The show seems to be aimed at kids or young adults, and along with the boy, there are a couple of spunky teen girls, including one who drives old-fashioned giant tin robots and another who is able to summon another giant robot like Mikazuki. One episode gets into fairly creepy territory with a psychotic man stalking one of the girls, and there are also crotch shots here and there that would be considered taboo (or at least pervy) in the US. There's an after-school-special aspect to the story of kids learning hard lessons.

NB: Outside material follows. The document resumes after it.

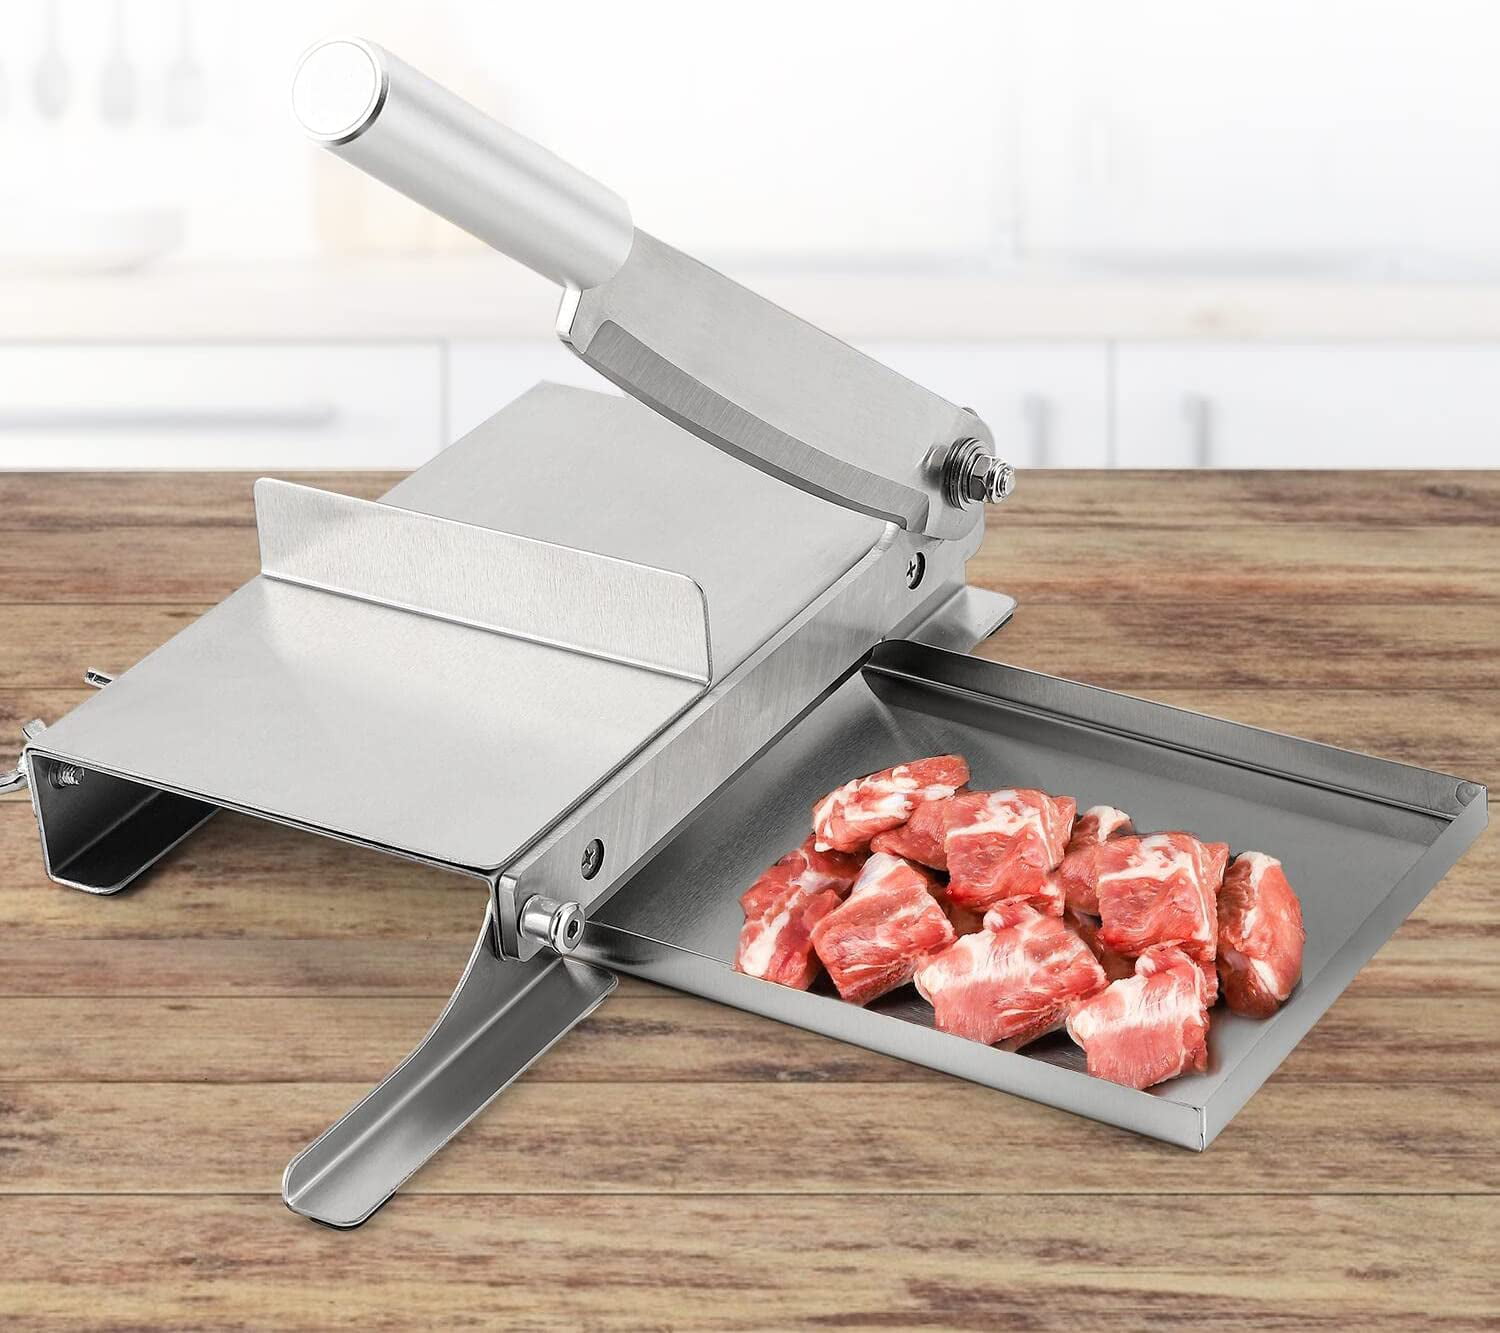 Home Kitchen Frozen Meat Slicer Manual Stainless Steel Food Cutter Slicing  Machine Automatic Meat Delivery Nonslip Handle

But hey, what better way to learn hard lessons about responsibility than by fighting rubber suit monsters and sword-wielding evil aliens? Keita Amemiya is a master of production design, as he showed in ZEIRAM, MECHANICAL VIOLATOR HAKAIDER, and MOON OVER TAO, and these shows look fantastic. On top of that, the sheer audacity of imagination on display is entertaining just as spectacle. The baroque story encompasses just about every idea the creators must have had buzzing in their heads, and while each episode has the same basic structure (a confused person causes a giant monster to appear and start kicking buildings down, and Mikazuki fights it), the series builds to a grand revelation ... even if the mangled subtitles on the DVD make it hard to figure out just what the revelation is. And then that giant rubber suit kitchen sink attacks, with faucets blowing cars down the street...

Is this what TV is like in Japan? I'd say that the kids there have it rich!